# Equation of ellipsoid

1. Sep 27, 2009

### mnb96

Hi,
given an ellipsoid in parametric form in t, I was trying to get to the classical equation in x,y. Things are very straightforward, as long as the ellipse radii are aligned with the principal axes.

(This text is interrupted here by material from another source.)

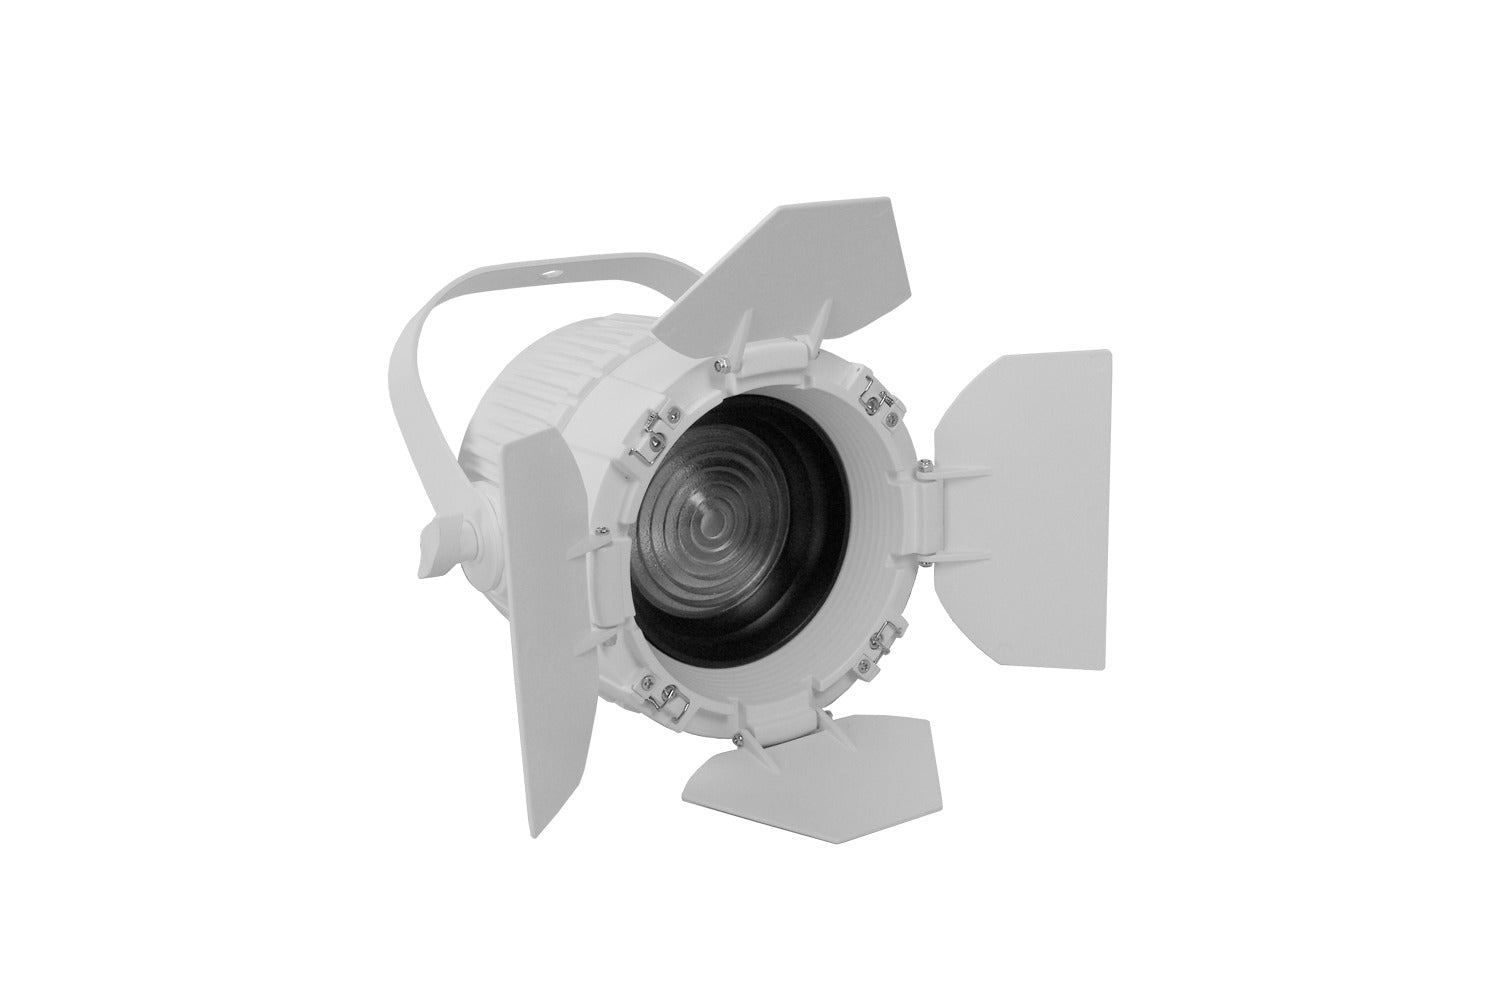 F96VW-WH - Variable White Fresnel with Manual Zoom (White)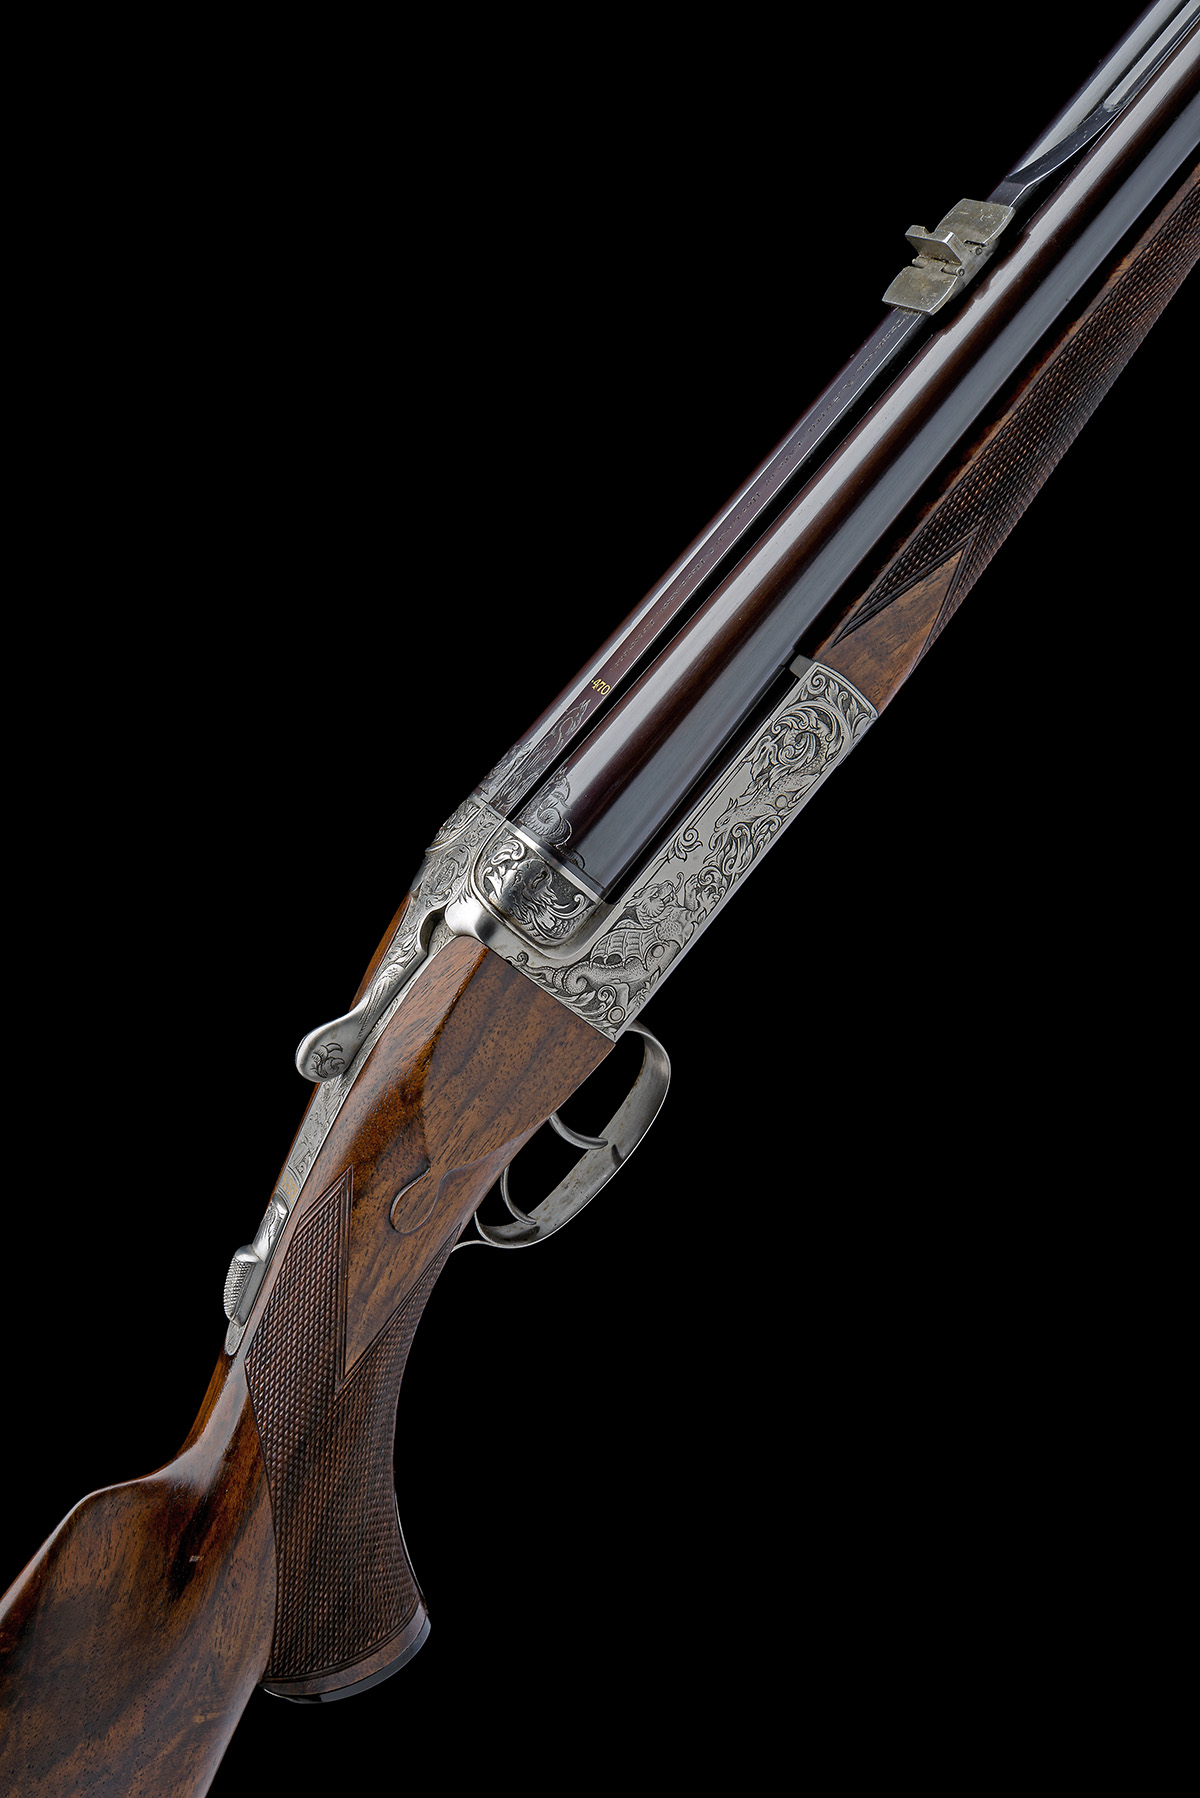 TERENCE A SMITH A VIRTUALLY COMPLETED .470 (FLANGED) NITRO EXPRESS BOXLOCK NON-EJECTOR DOUBLE RIFLE,

Instead, I am trying to find the equation of a "rotated" ellipse, given a parametrization in t.

I tried the following... Let's define the position vector:

$$\mathbf{r}(t) = \mathbf{a}cos(t) + \mathbf{b}sin(t)$$

where:
$$\mathbf{a}=a_1\mathbf{e_1} + a_2\mathbf{e_2}$$
$$\mathbf{b}=b_1\mathbf{e_1} + b_2\mathbf{e_2}$$

and we have that $$<\mathbf{a},\mathbf{b}>=0$$, that is, the directional radii are perpendicular but not aligned to the main axes.
Since $$x = <\mathbf{r},\mathbf{e_1}>$$, and $$y = <\mathbf{r},\mathbf{e_2}>$$, we have:

$$x = a_1cos(t) + b_1sin(t)$$
$$y = a_2cos(t) + b_2sin(t)$$

At this point I got stuck, because I can't manage to get rid of t. When the ellipse is aligned to the main axes we have $$b_1=0$$, and $$a_2=0$$, and everything becomes easy by squaring the terms.
I know that the final result should be of the form: $$\mathbf{x^T}A\mathbf{x}$$ where A is symmetric positive definite, but I can't really get there.

2. Sep 27, 2009

### g_edgar

Your ellipse is centered at the origin.
You have two equations (linear in $\cos t$ and $\sin t$). Solve them like this: $\cos t = ??$, $\sin t = ??$, both right-hand-sides linear in $x,y$. Then take the equation $\sin^2 t + \cos^2 t = 1$, substitute in your results, you get something quadratic in $x,y$.

3. Sep 28, 2009

### mnb96

Thanks a lot!
I can't believe I didn't immediately find such an easy solution! It has been under my eyes all the time (even on my notes) but yesterday I simply missed it :/ ... I should punish myself now :)